The value of the review is broader. The NDs have a distinctive challenge in proving their worth. Studies on needles can increase uptake of acupuncturists and of manual therapy, chiropractors. The genius and research challenge in naturopathy is in the joint application of multiple natural therapies concurrently – or, in many US states, integrated with conventional pharmacy.

Naturopaths are to research on whole systems what pigs are to breakfast in the joke about the differing contributions of chickens and pigs to breakfast. Whole systems research is not a contribution but must be an all-in commitment if the profession is to thrive and distinguish itself.

Myers’ review offers signposts and other directional indicators, though hardly a road map, for the broader field of integrative practitioners when and if it ever stands up to its paradigmatic requirement to of convince funders to prioritize researching the way an integrative or functional or TCM of Ayurvedic or indigenous or naturopathic professional practices.

The JACM Special Issue includes two commentaries on the field’s scientific evolution. In “The Early Movement for Research Evidence in Modern Naturopathy: Fighting Above Its Weight Class,” I provide a personal account of the US profession’s boot-strapping toward its evidence base – their first peer-review publications, research departments, NIH grants, and key scientific appointments.

One key step was an important one for the evidence based of all of natural health care. The 1985 production of the edited volume The Textbook of Natural Medicine by naturopathic doctors laboriously collected and linked to specific conditions any English language scientific references from any nation or era on natural healthcare products and practices. It was game changer for the broader natural medicine field. A raft of other such textbooks, compendium, dictionaries and encyclopedias from others outside the profession followed.

The question for anyone not nose-under in the stink-hole of anti-natural medicine bias was no longer whether natural medicine had scientific support. Rather questions could turn to the quality and gaps in the evidence.

In the second account of research contributions to more recent professional development, Canadian WNF leader Iva Lloyd, BScH, BSPP, ND, and Wardle share the survey-based research WNF leaders are using to knit together the profession’s disparate Indian, European, South American and North American streams. “World Naturopathic Federation: The Central Role of Research in the Growth of the Global Naturopathic Profession” also provides the list of 20 nations that presently regulate the field.

By design of the guest editors, each paper in the issue is either by naturopathic researchers, or about the naturopathic profession, or both. The call netted roughly 30 papers, of which 14 were selected. Contributions from researchers associated with the International Naturopathy Research Leadership and Capacity Building Program at ARCCIM figure heavily.

The resulting volume is an eclectic mix involving diverse research methodologies: clinical trials, Delphi methods, surveys, interviews, focus groups, and content analyses. The introductory editorial from Steel, Bradley and Wardle notes that “each article represents critical appraisal of naturopathic theories, concepts or practices by naturopaths.”

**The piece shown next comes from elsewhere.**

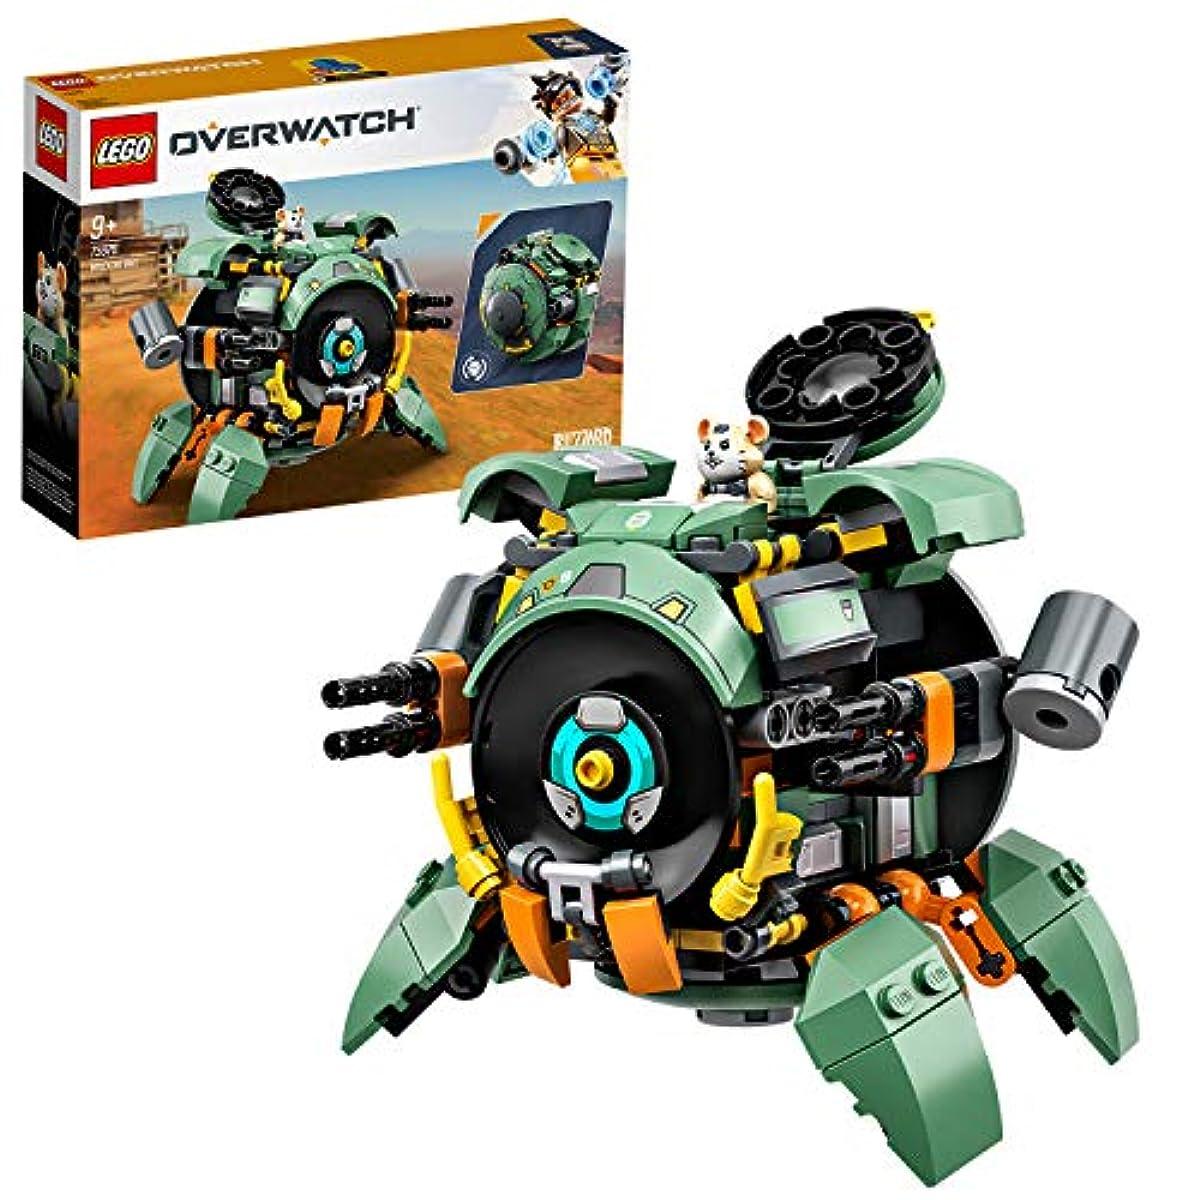 [해외] 【AMAZON.CO.JP한정】레고(LEGO) 오버워치 렛킨구볼 75976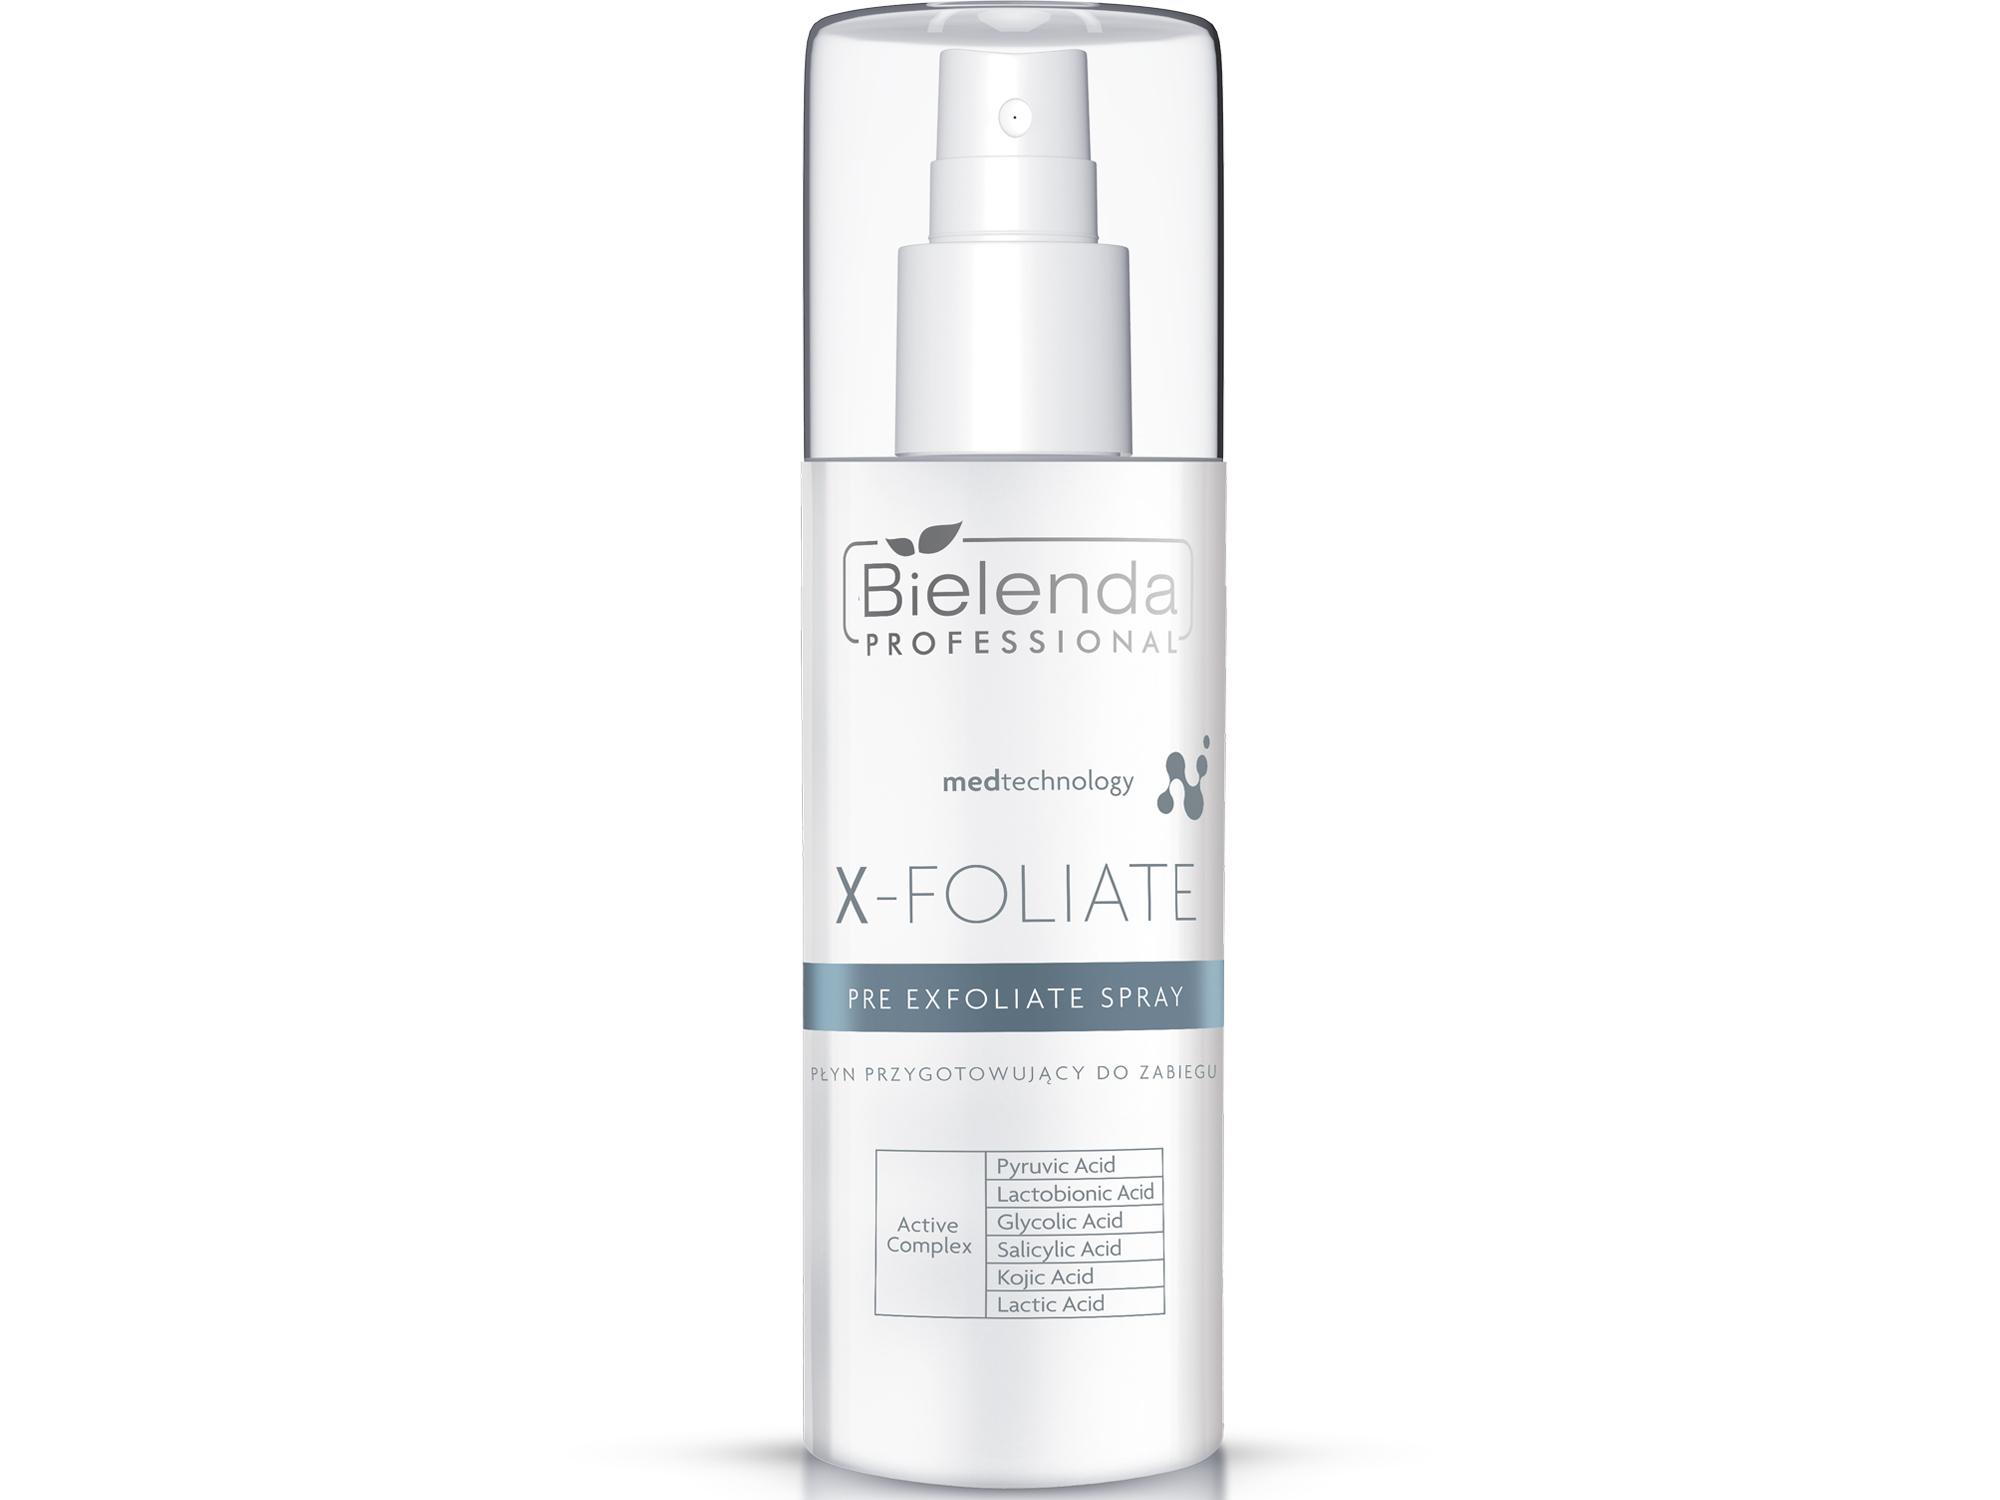 X-FOLIATE Pre Exfoliate Spray - Обезжириватель для лица (предварительная подготовка)

It will take an act of imagination – and likely of empathy – for anyone ensconced in the riches of a conventional North American academic research institute to understand the historic, scrappy and relative institutional poverty informing the labors that led to this moment in time in which this issue can be published. Perhaps a sign of better-resourced times ahead is that within weeks of sending this issue to the printer, word arrived of a $10-million grant to fund a naturopathic research institute in an Australian academic institution.